Monday, June 29, 2009

Drew robot

Drew Robot

Drew wore this box around the house all day Saturday. He told me he was Drew Robot (complete with robot voice). Drew Robot has been an off and on inhabitant of our house for some time, but it’s the first time he had an outfit. I admit to only adding the eye and arm holes after a couple of hours. I wanted to see how long he’d walk around the house, blind and armless, bumping into walls and furniture. The second time I caught the lamp (my gorgeous, tacky, gypsy beaded lamp) right before it crashed to the floor I decided the eye hole was a good idea. There were a couple of cry worthy bumps – primarily because he’d put his robot box on my bed, and then crawl into it and try to move around. The cardboard would start to slip, and he’d careen out of control off the bed into the wall or the nightstand or whatever else was in his way. Not that it slowed him down one bit – just a kiss on the booboo, a mechanical “tank yew, mommy!”, and he was back in the box. After the eye and arm holes were taken care of and a strict No Robots On Mommy’s Bed policy was enacted, it was just good times for all. I did refuse to make robot boxes for Zachary or the dog. It just seemed best.

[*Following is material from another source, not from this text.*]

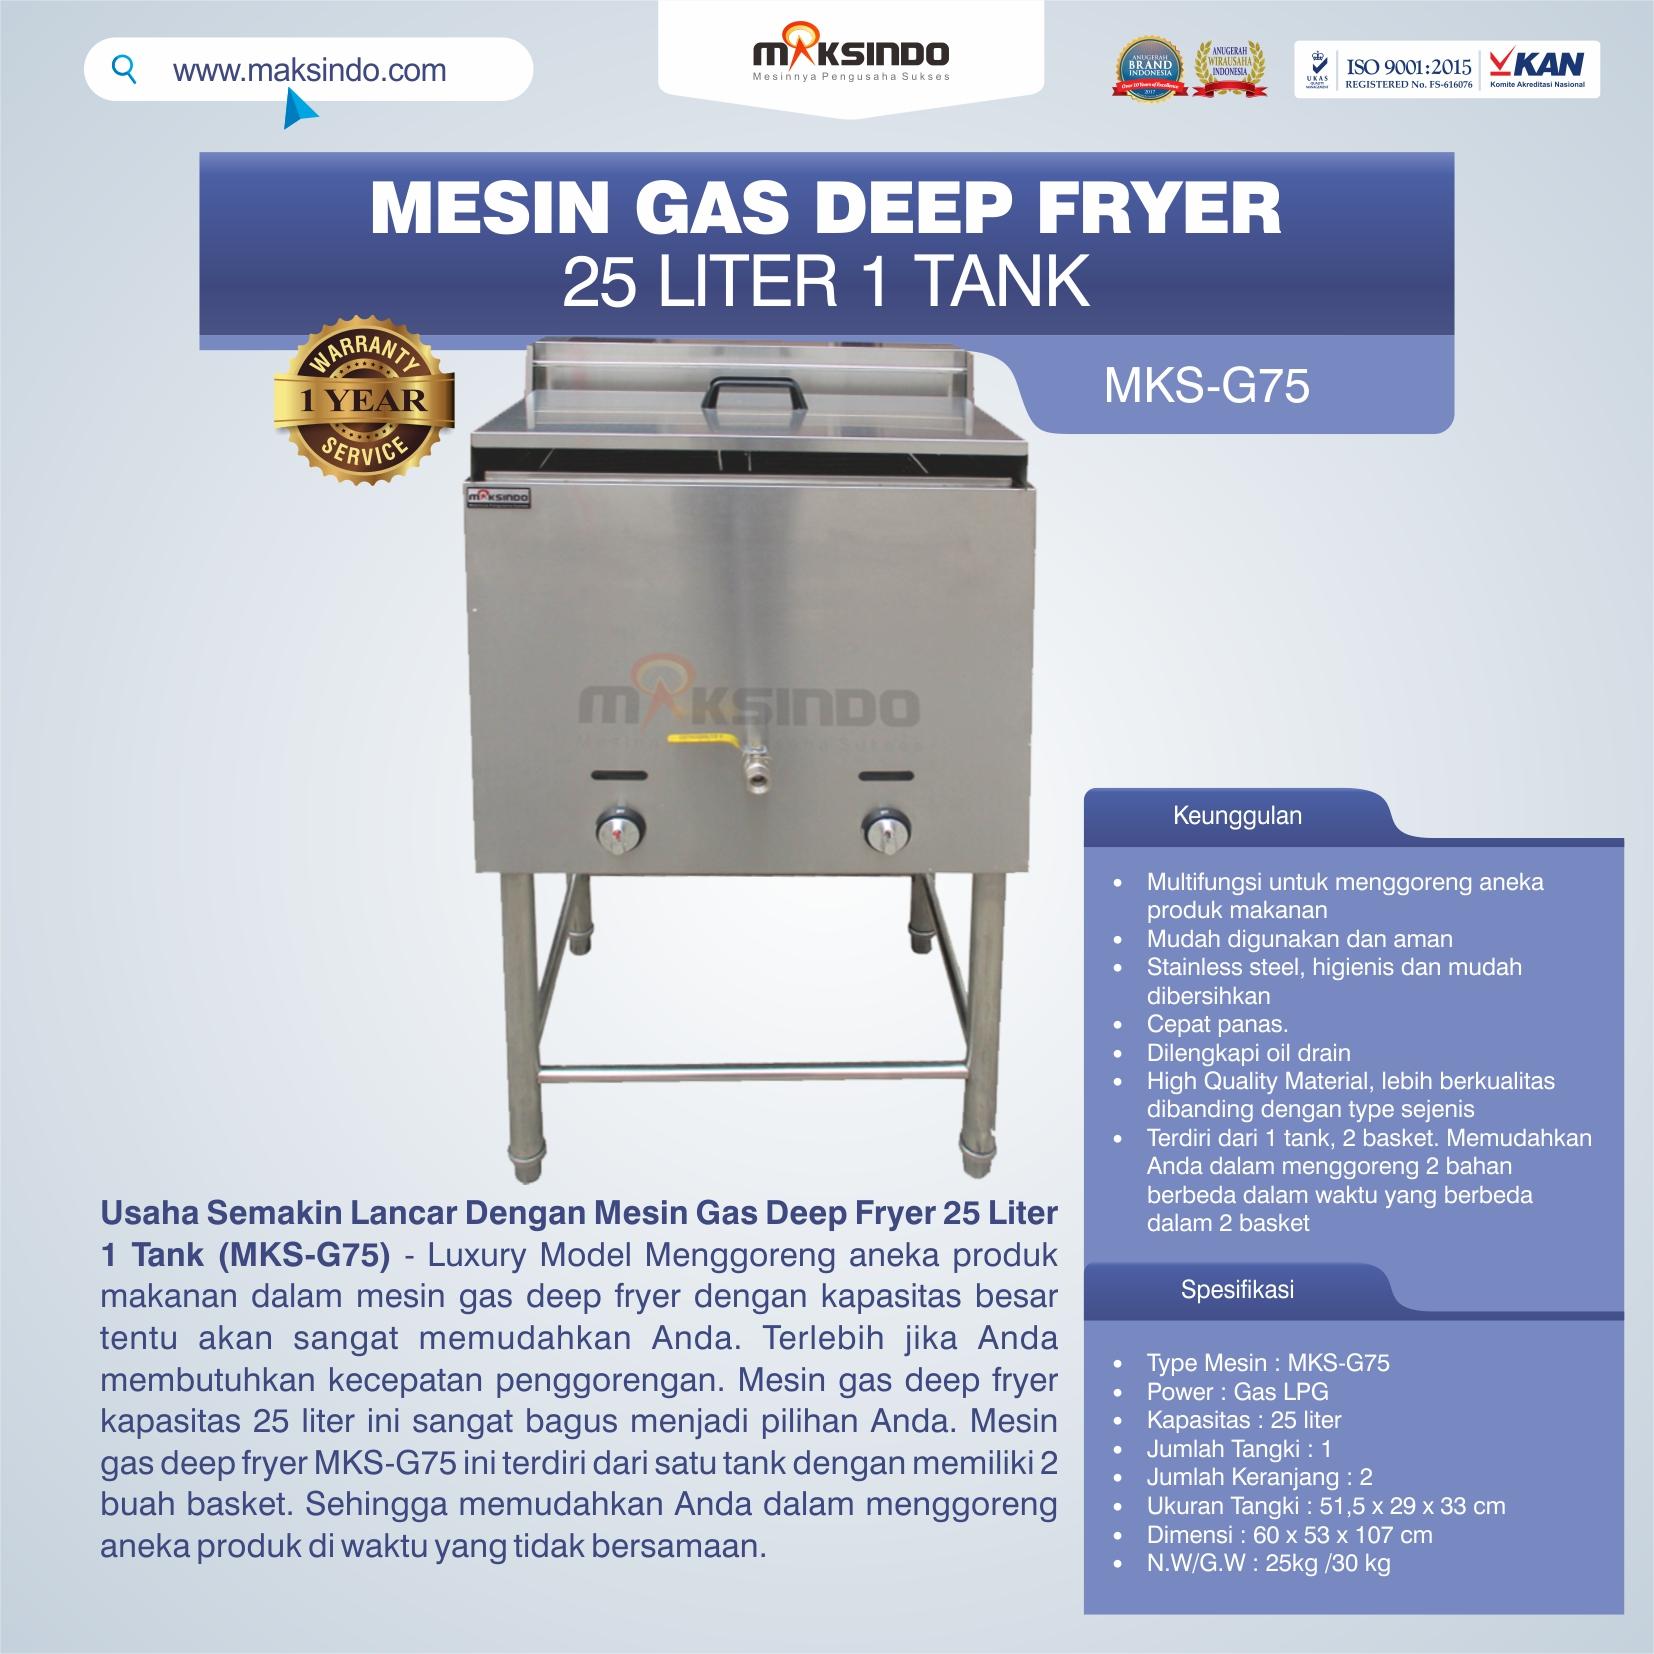 Jual Gas Deep Fryer 25 Liter 1 Tank (G75) di Bandung

And I have started to think about Halloween. A smaller box (the head) stacked on a larger box (the body)? Covered in tin foil? Clothes dryer ductwork for arms and legs? Hello?!?!?!?

Monday, June 22, 2009

Where being a dork in high school finally pays off. Kind of. I think.

Last night Cliff arranged a get together for my friends at a local restaurant and arcade type place for my birthday. Dinner was fun, and I got a turtle ice cream cake. Not too shabby. Once we had kids (and certainly since we had two!) time spent with friends out of the house is in short supply, and I had a really great time catching up and eating hot food, without having to get up to refill a sippy cup or grab another fork or share my plate with anyone. Even though Cliff did steal my last bite of cheese stick.

My game of choice at the ol’ arcade is trivia. I know, I know. Hello, bookworm/dork/geek/nerd/total tool. Nevertheless, I suck at everything else, and I enjoy trading my tickets for value-inflated crappy trinkets I would never, ever buy outside of that situation. As a cursory nod to maturity, I now trade them for crap I can give to my kids. Mostly because I can no longer get away with fake tattoos and glitter hair gel.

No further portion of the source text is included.